External Formats and Options

Applies to: ❌ Data Cloud SQL ✅ Tableau Hyper API

Data Cloud SQL supports various external data formats.

Some external formats carry schema information while others don’t. Data Cloud SQL can infer the schema of formats having schema information automatically. But the schema must be given explicitly, or it’s taken from the target table in a COPY FROM statement for formats without schema information.

The format of an external source or target is set through the FORMAT option. If the FORMAT option isn’t specified, Data Cloud SQL tries to infer the format from the file extension. If multiple files are read or written, they’re all required to have the same extension.
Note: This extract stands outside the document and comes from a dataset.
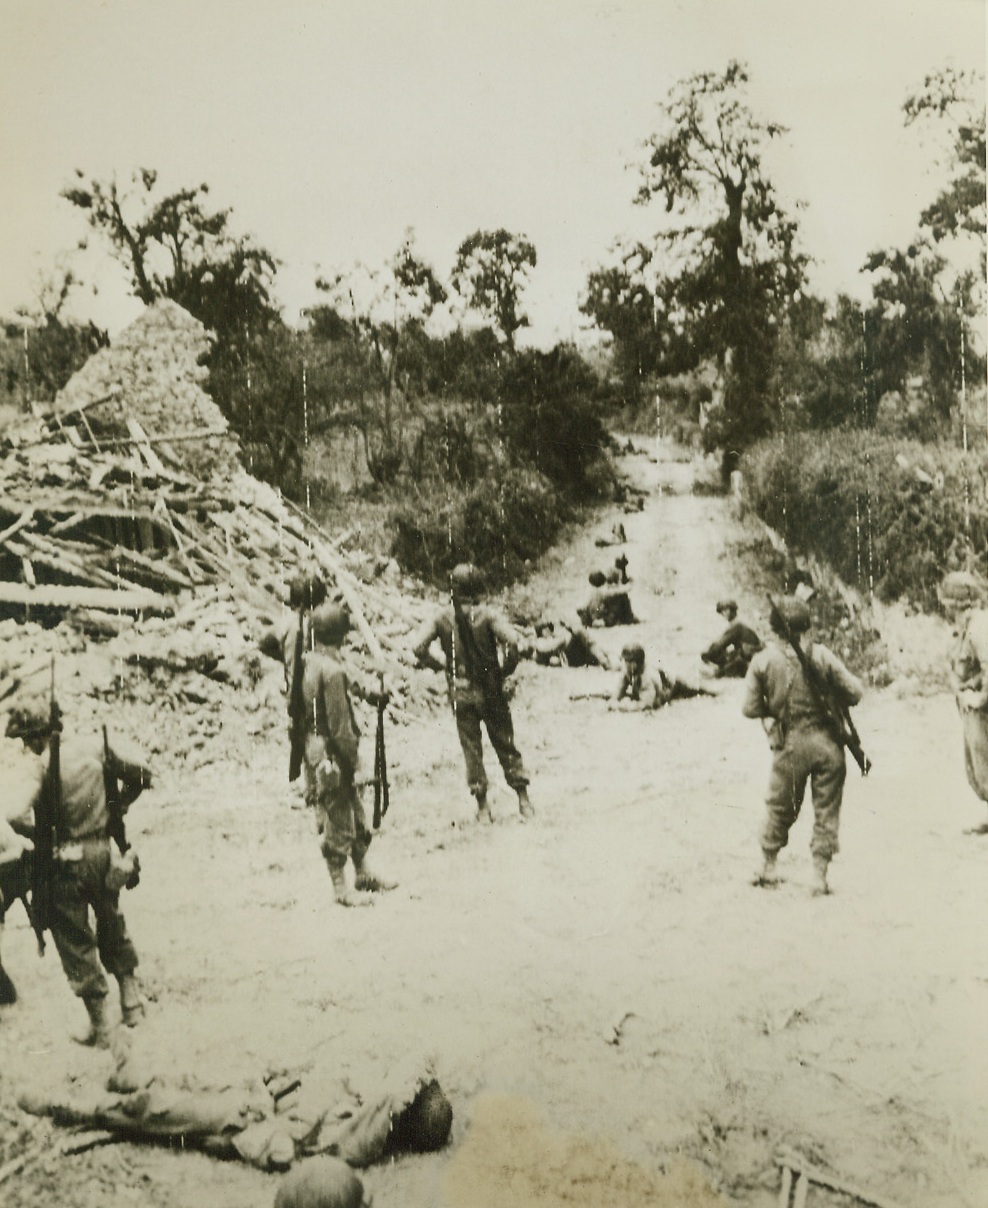 Yanks Stop for Chow, 7/20/1944. France – Beside a wrecked building north of St. Lo, relentlessly advancing American infantry men pause for chow before pushing on to their next objective. Soldiers line the road leading past the ruined house, sitting, reclining, and some catching forty winks. Credit: Signal Corps Radiotelephoto from ACME;

Data Cloud SQL supports these formats.

Formatformat Option ValueRecognized File ExtensionsSchema Inference?Description
Text'text'.txt, .txt.gzNoText format, as in PostgreSQL. Optionally, gzip compressed.
CSV'csv'.csv, .csv.gzNoComma-Separated Value format, as in PostgreSQL. Optionally, gzip compressed.
Apache Parquet'parquet'.parquetYesThe Apache Parquet format. Versions 1 and 2 are supported.
Apache Iceberg'iceberg'Specified path must point to table directoryYesThe Apache Iceberg format. Versions 1 and 2 are supported, but version 3 isn’t supported.
Apache Arrow'arrowfile', 'arrowstream'arrow, arrowsNoThe Apache Arrow format version 1.3 with restrictions

Array types can’t be written to Apache Iceberg and Apache Parquet.

You can use format options to customize the way the external format is read and interpreted. The available options depend on the format. Syntactically, use the syntax for named parameters to define the options. For example, option => value. Separate multiple options with commas. In the COPY FROM, COPY TO, and CREATE EXTERNAL TABLE statement, define options in the WITH clause. For the external function, define options as function arguments after the initial argument describing the source or target. These example statements all read from a CSV file products.csv by using the field delimiter '|'.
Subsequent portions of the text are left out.